Contemplating re-entry. The occurrence of the COVID-19 pandemic has forced every one of us to re-examine and potentially redefine our risk tolerance. How safe must the world be before we reengage with the people, places, and activities that previously defined our lives. Both personally and professionally, most of us have observed a wide range of perspectives and behavior. We have seen via remote telemedicine those who have not left their homes since March 2020, unwilling to take any perceived risk of acquiring Covid and its potential ravages on themselves and their family members. At the other end of the spectrum, there are those who deny the existence of Covid and have not curtailed their behaviors one iota since the beginning of the pandemic. As each day passes and the numbers of vaccinated persons increase, returning carefully and abiding by CDC recommendations will likely be a relatively safe endeavor (unless a resistant and more virulent Covid 19 variant occurs).
Risk tolerance during reentry from Covid captivity.
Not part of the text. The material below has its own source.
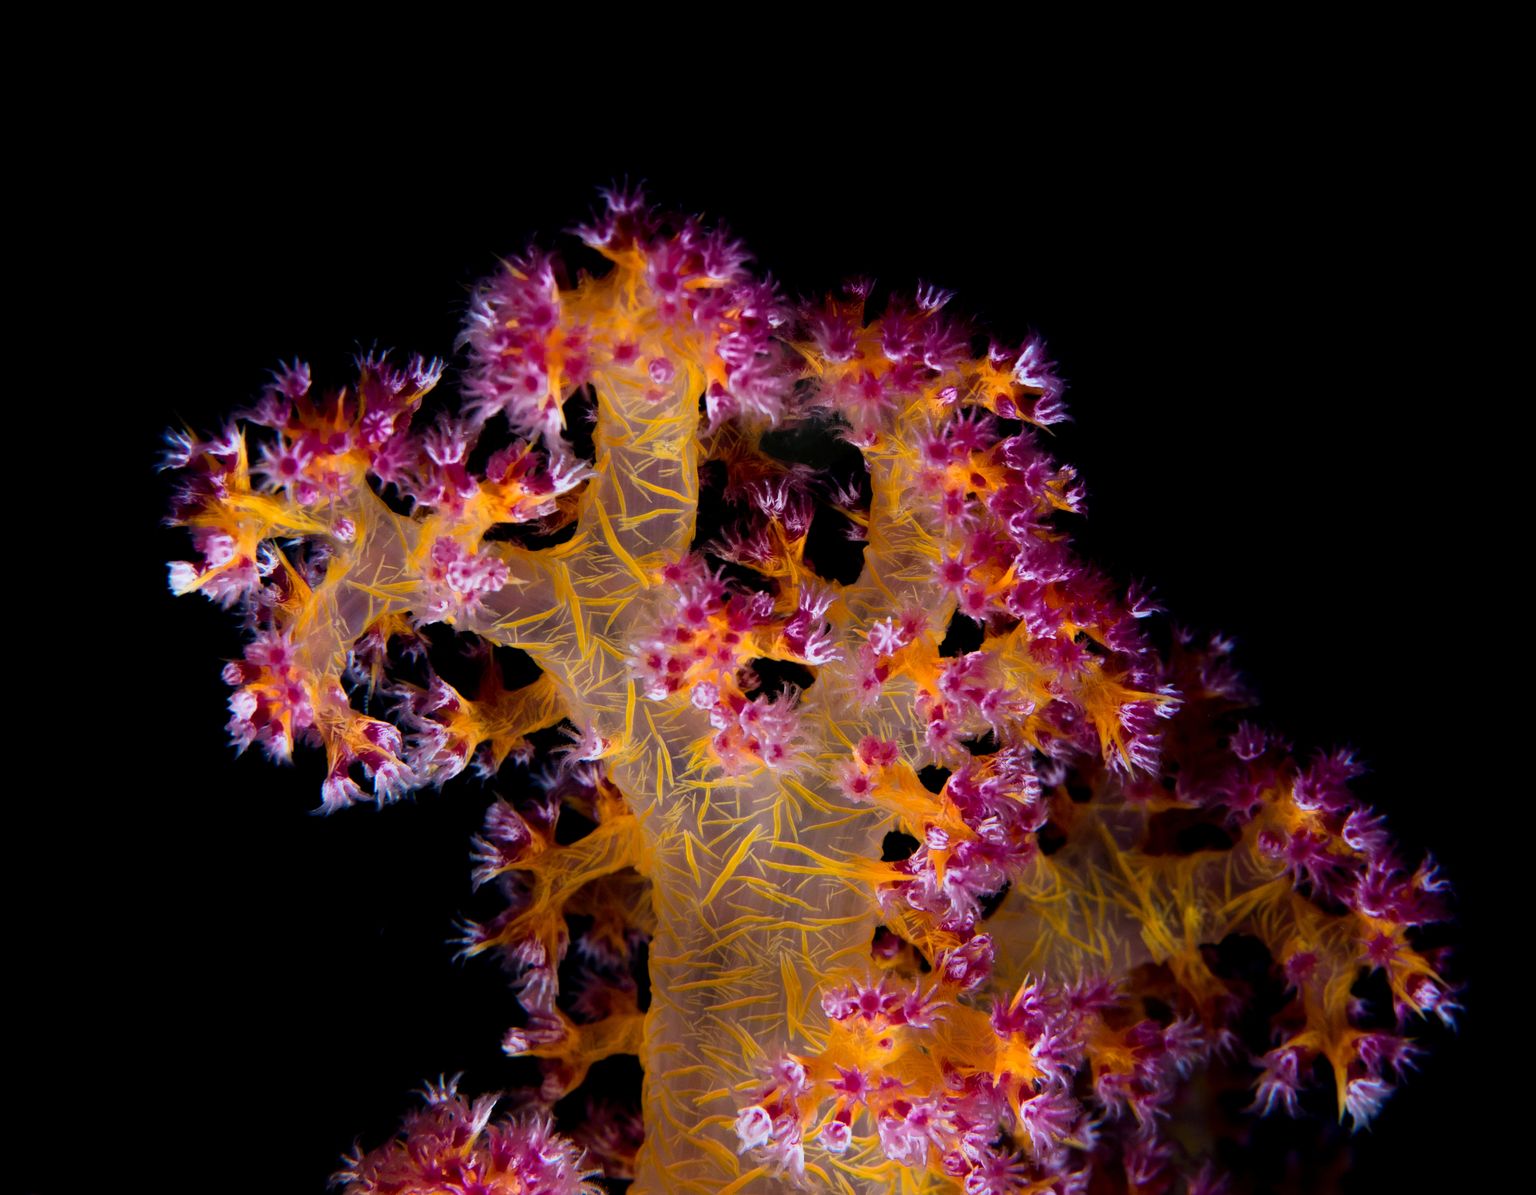 Teadlased usuvad, et koralle saab kaitsta probiootikumidega

Obviously, no matter how we redefine our risk tolerance, a “risk-free” life is not an attainable goal. Even if we stay confined to our own place of shelter and isolated lives, there are risks. Fire, carbon monoxide poisoning, burglary, falls, and meteorites crashing through the roof occur. Aspiration, myocardial infarction, fatal arrhythmias, cerebrovascular accidents, and ruptured aneurysms can and do occur. Thus, we are not necessarily “safer” living isolated from the outside world. Hugs, smiles, breaking bread with others, scintillation of the visual-auditory-gustatory-olfactory-tactile senses, all are hallmarks of meaningful engagement in life. Perhaps it can be stated succinctly: do we wish to “exist in life or live our life”. Human connectedness extends the quality and length of our lives. The pace and extent of re-entry into the outside world is a difficult and nuanced process for each of us. For some, “existing” in a largely isolated place removed from others with perceived personal safety is sufficient. For others, existence without engagement is intolerable. It is my sincere hope that each of us choose our re-engagement strategies carefully and judiciously allowing reasonable protection for ourselves and others. I also wish to assure you that with gradual re-engagement, your comfort level will return allowing you to find a “new normal”, which may or may not include contagion precautions that were not part of your pre-Covid 19 life.
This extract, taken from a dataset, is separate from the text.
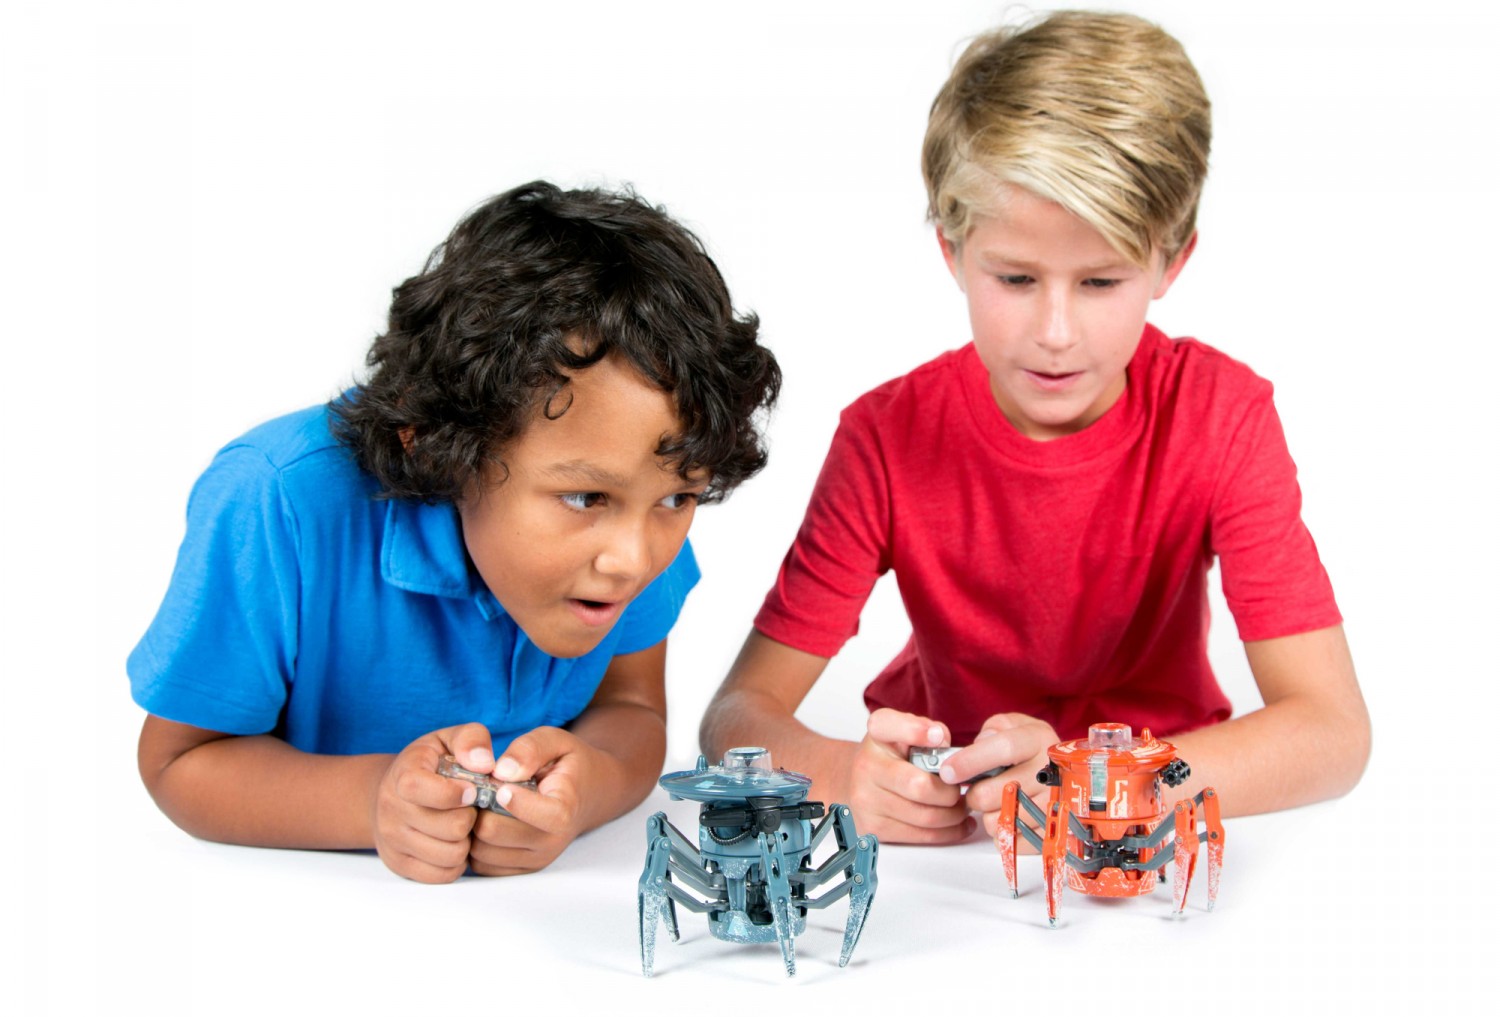 Przedstawiamy robota zabawkę HEXBUG Bojowy pająk 2.0

I urge you to not be disheartened by the ubiquitous chants stating that “things will never be the same”. This is a truism as it always has been. Historically, as time and life move on, things change both for the better and worse. Fear not, change is good and can be exhilarating for the mind and the body! Take a deep breath, look out your literal and metaphorical window. Carefully contemplate what are you willing to “risk” for your sustenance and happiness today and tomorrow.
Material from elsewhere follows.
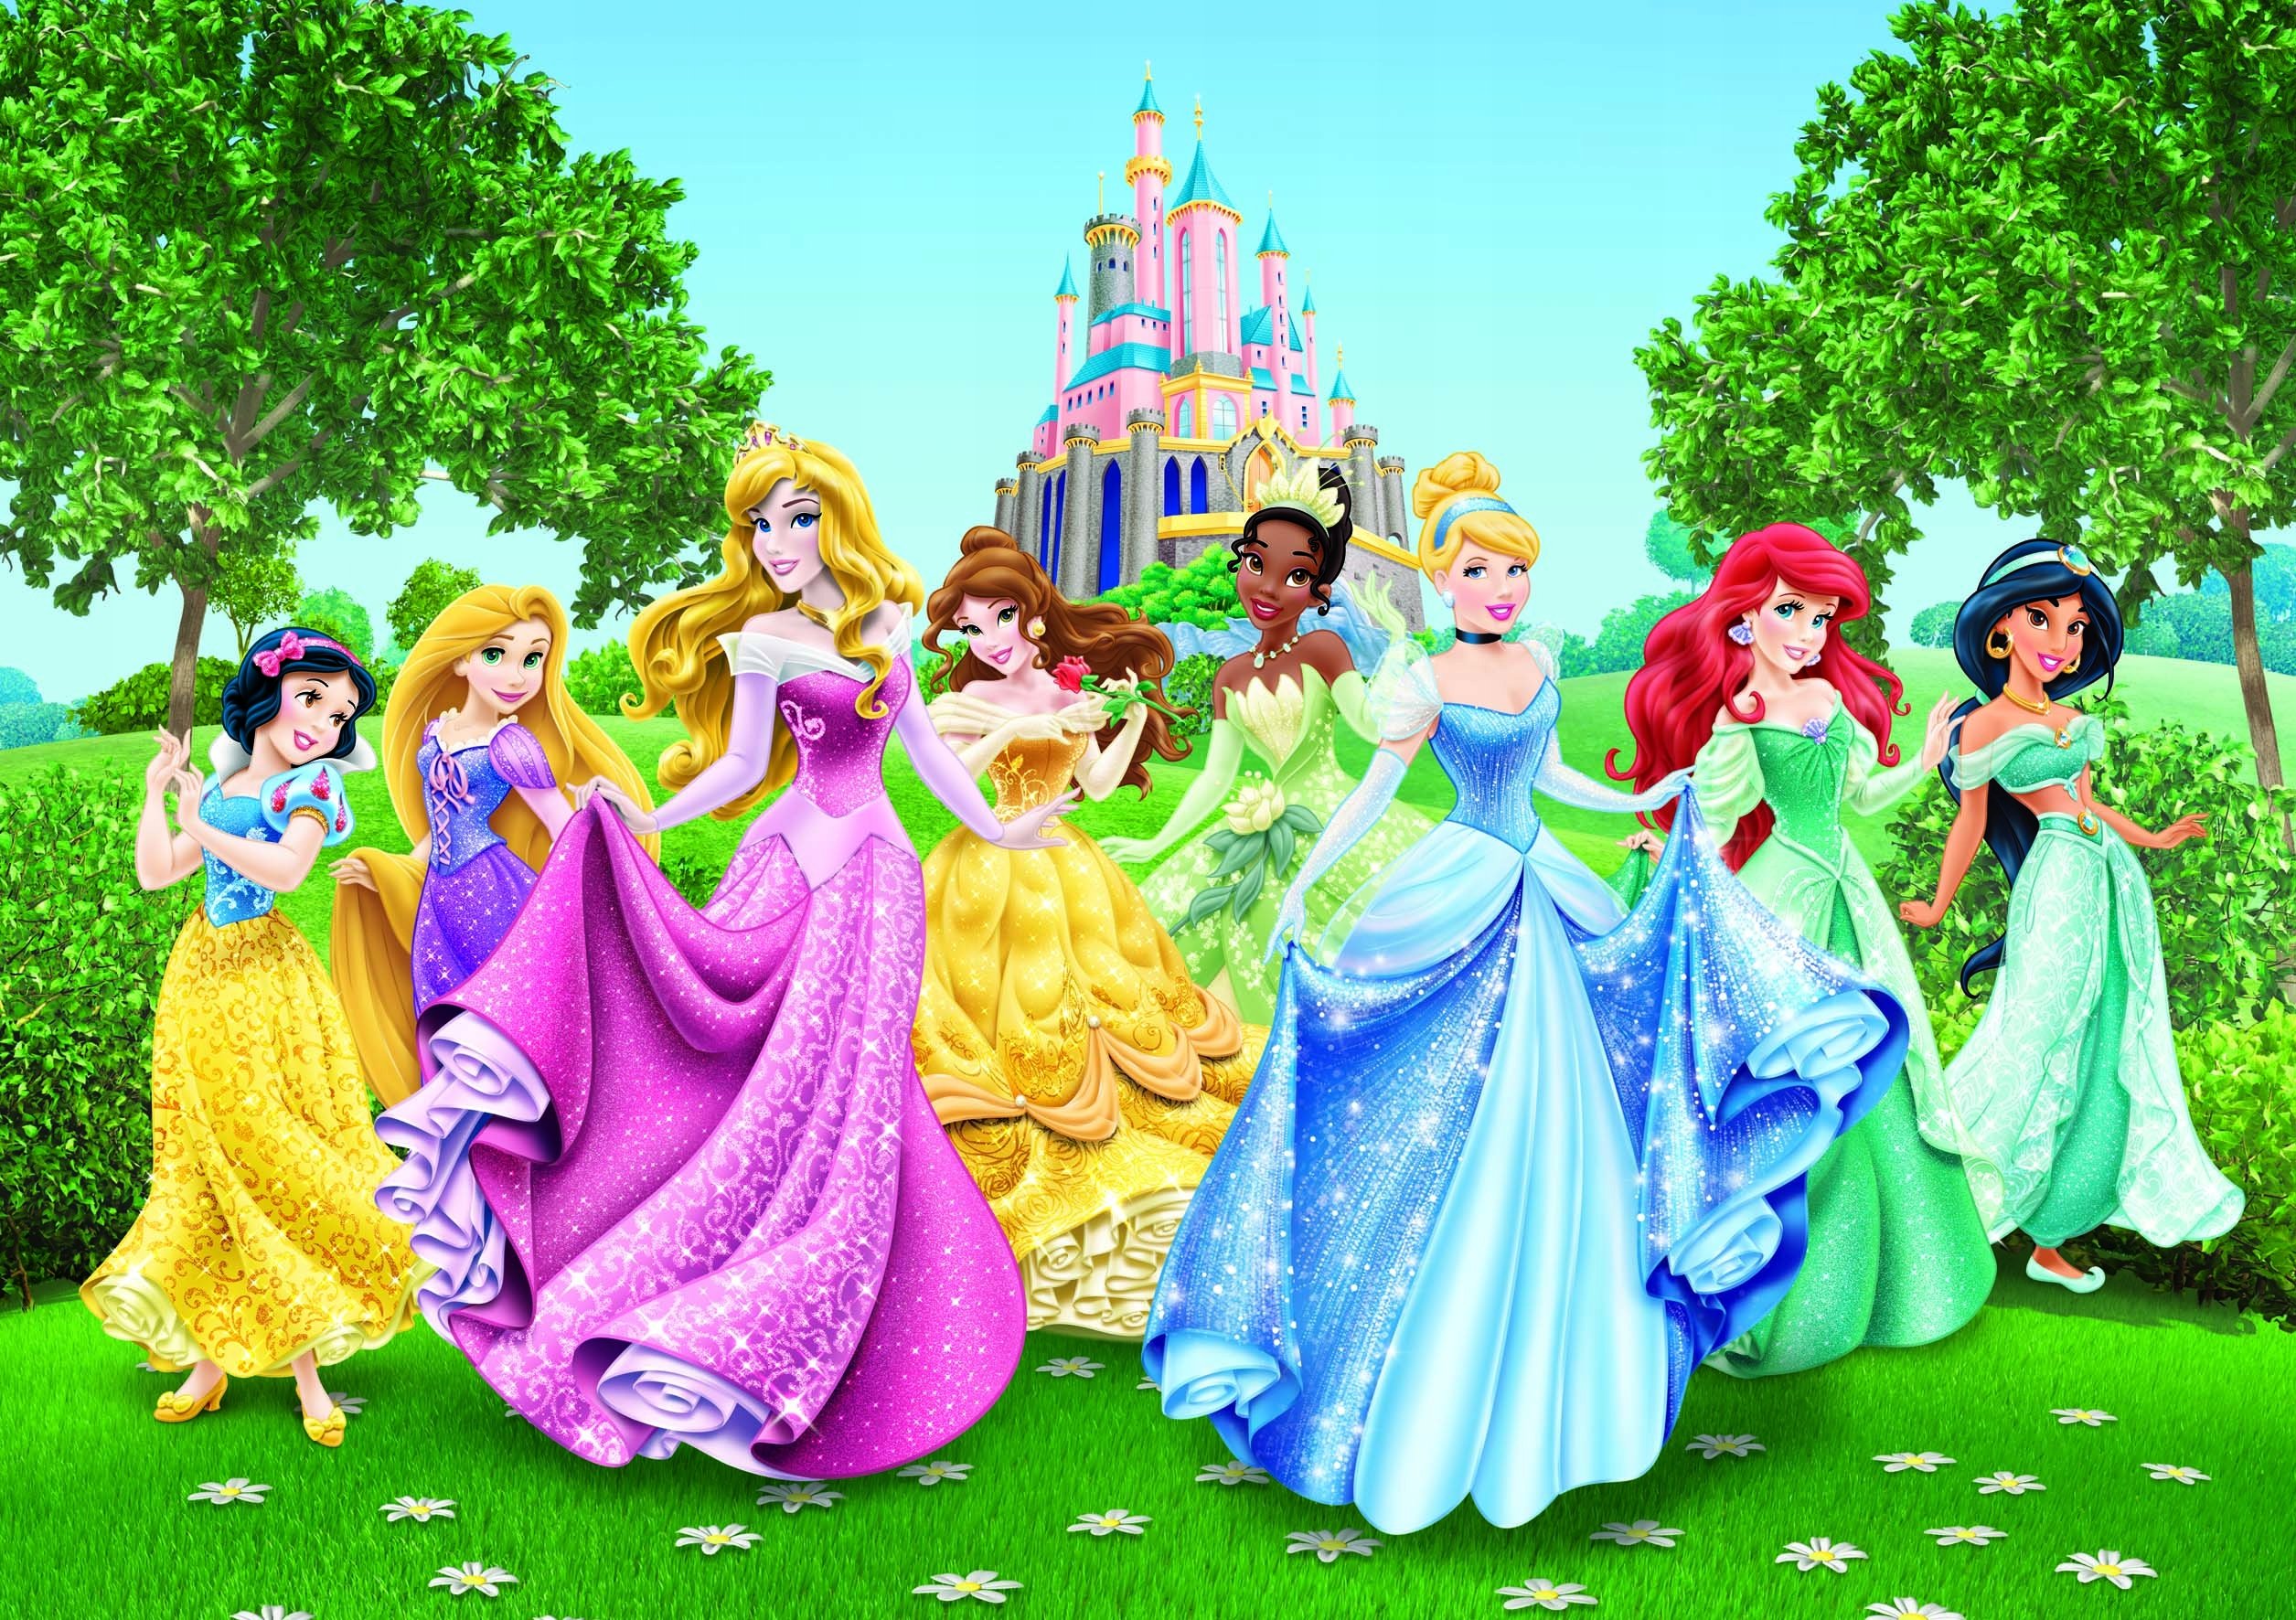 Сайт принцессы. Disney Princess принцесса Дисней. Дисней принцесса Сесилия. 4 Принцессы Диснея. Принцессы Диснея картинки.

You obviously have survived today’s perils associated with venturing out of your bed and carrying out your morning routine and the necessary activities of the day. All other events and endeavors are relegated to your “daily possibility plate” for contemplation. Please remember that all of today’s contemplative decisions are not etched in stone. Each step during the reentry often does not necessarily “feel right” at first. And then before you know it, these steps feel natural and liberating. Please recall and be assured that the mind, body, and psyche have an amazing ability to bring us back to a comfortable place of health and happiness. Allow me to reiterate, life is a risky business. May each of us safely dip our toes, noses, and hearts into the post COVID-19 world of opportunity and reengagement.